Oui. L’ensemble de la production électrique du Colorado représente 4 200 mégawatts, soit l’équivalent de quatre réacteurs nucléaires. Le plus emblématique des grands barrages du Colorado est le Hoover Dam, situé à la frontière entre l’Arizona et le Nevada, près de Boulder City. Le réservoir en amont du barrage, le lac Mead, mesure 180 km de long, pour une surface de 640 km2 et un volume de 45 km3 (et 885 km de rivage) ! Construit entre 1931 et 1936, c’est un barrage voûte/poids classique des grandes constructions de l’époque.
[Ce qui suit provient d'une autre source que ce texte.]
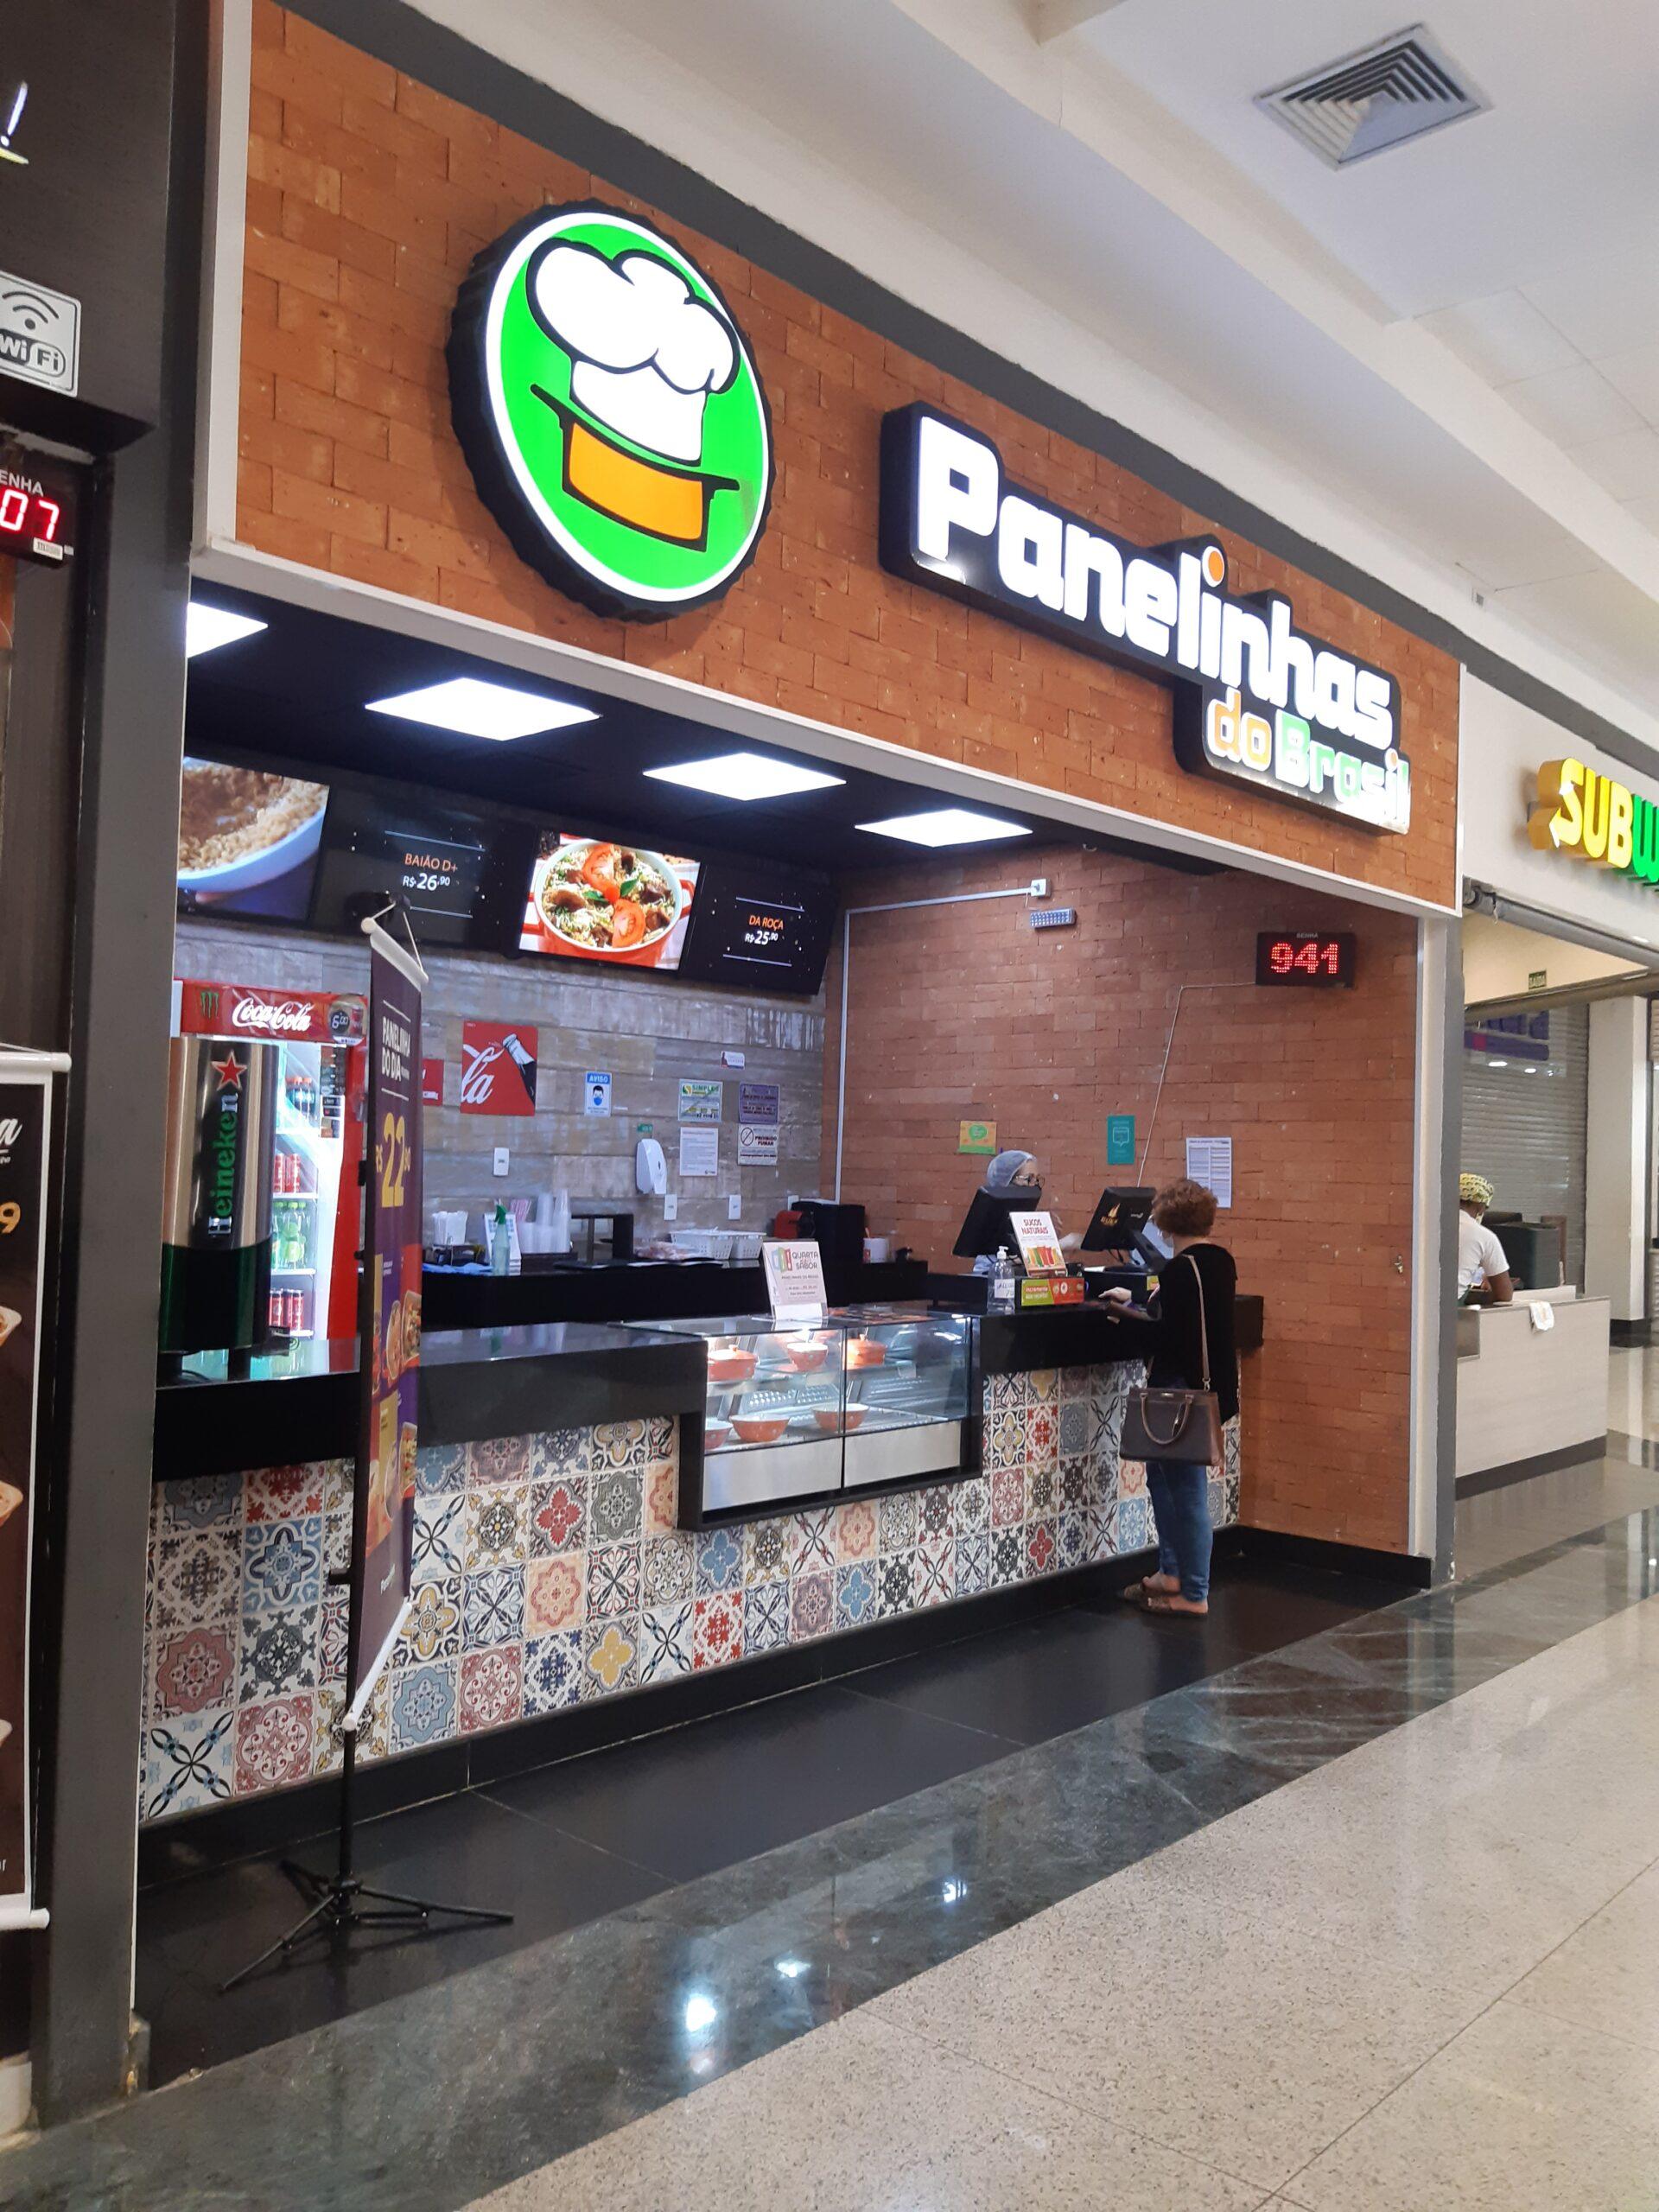 Panelinhas do Brasil, Taguatinga Shopping, Comércio Brasilia
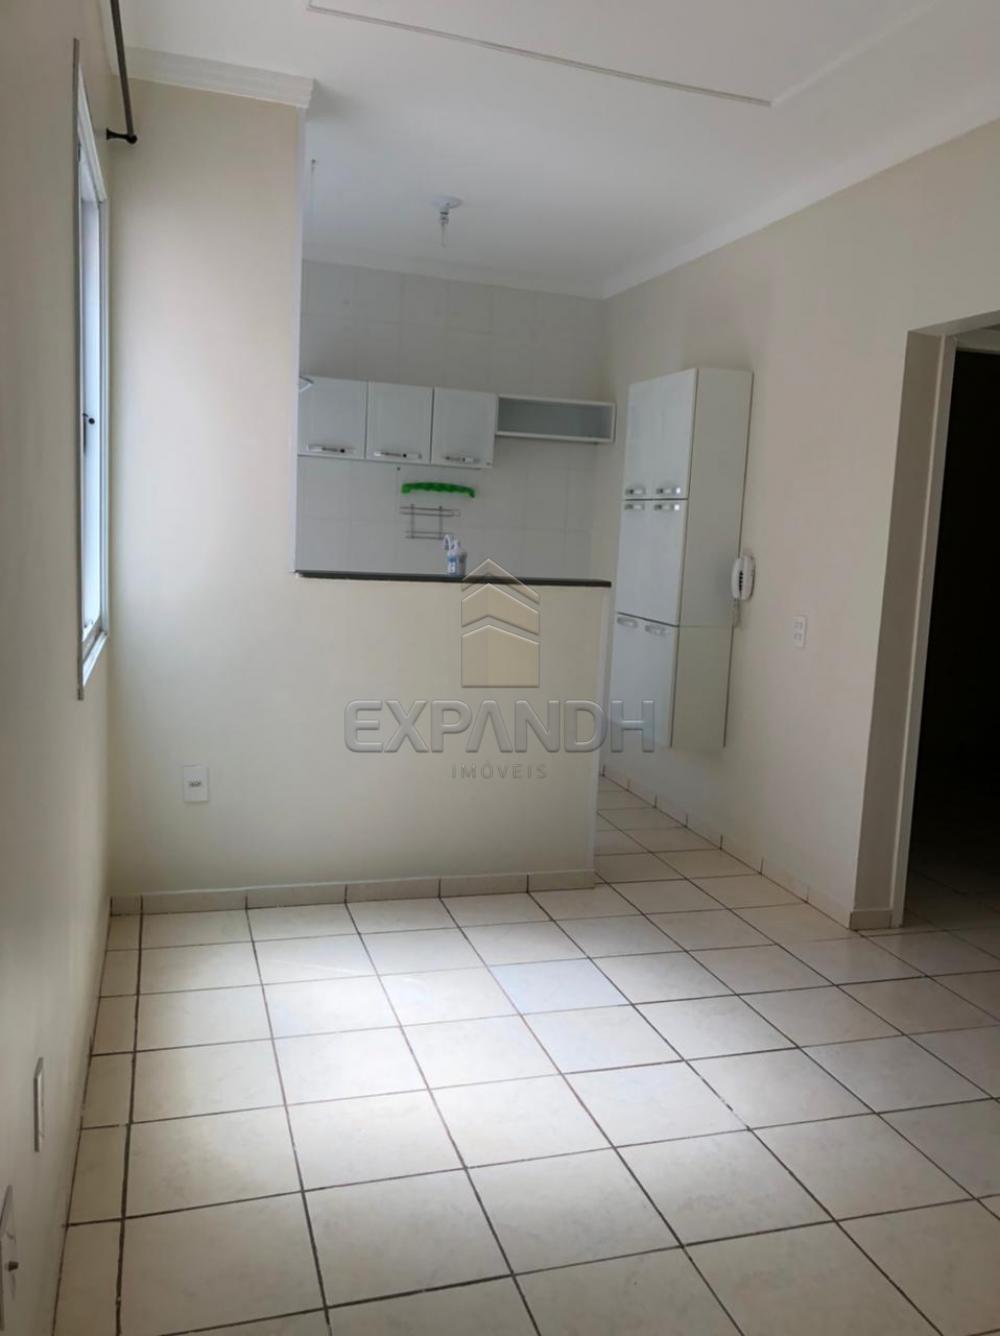 Alugar Apartamentos / Padrão em Sertãozinho R$ 780,00 - Foto 13

Il a été inauguré par le président Roosevelt dans le cadre du New Deal en septembre 1935 et mis en service en 1936. 17 turbines équipent le barrage (des turbines Francis adaptées à des hauteurs de chute moyenne – entre 20 et 300 mètres), qui fournit à lui seul 2 000 mégawatts, soit près de la moitié de la production électrique du bassin du Colorado.

Plusieurs experts évoquent le fait que l’eau du fleuve Colorado n’atteint parfois pas son embouchure, au Mexique. Cela est-il seulement dû à sa surexploitation (eau potable, irrigation, fracturation pour l’extraction du gaz de schiste notamment) et au détournement de ses eaux ou bien le facteur climatique, la sécheresse, pèse-t-il aussi considérablement dans la balance ?
En l’occurrence, c’est l’ensemble des facteurs qui entrent en ligne de compte, à la fois pris un par un et dans leurs interactions systémiques mutuelles. Le Colorado constitue un bon exemple de la façon dont les sociétés développées gèrent les espaces de l’accès à l’eau. Il illustre en outre deux niveaux de tensions qui structurent l’utilisation de ces espaces fluviaux : internes (concurrence villes/agriculture), régionales et internationales (tensions Etats-Unis/Mexique).
Aux grands barrages construits dans les années 1930 lors des programmes de relance économique du New Deal – comme le Hoover Dam – se sont ajoutées les dérivations vers Denver, Phoenix, Los Angeles et vers le Nouveau-Mexique. C’est ce qu’on appelle le Plumbing System : le Colorado est devenu un réseau de plomberie à grande échelle. Aujourd’hui, 120 m3 d’eau par seconde sont acheminés vers Los Angeles et San Diego, ce qui représente le tiers de l’approvisionnement en eau de ces deux villes. Juste avant la frontière avec le Mexique, l’Imperial Dam détourne une grande partie des eaux du Colorado vers les grands périmètres irrigués de l’Impérial Valley au sud de la Californie. 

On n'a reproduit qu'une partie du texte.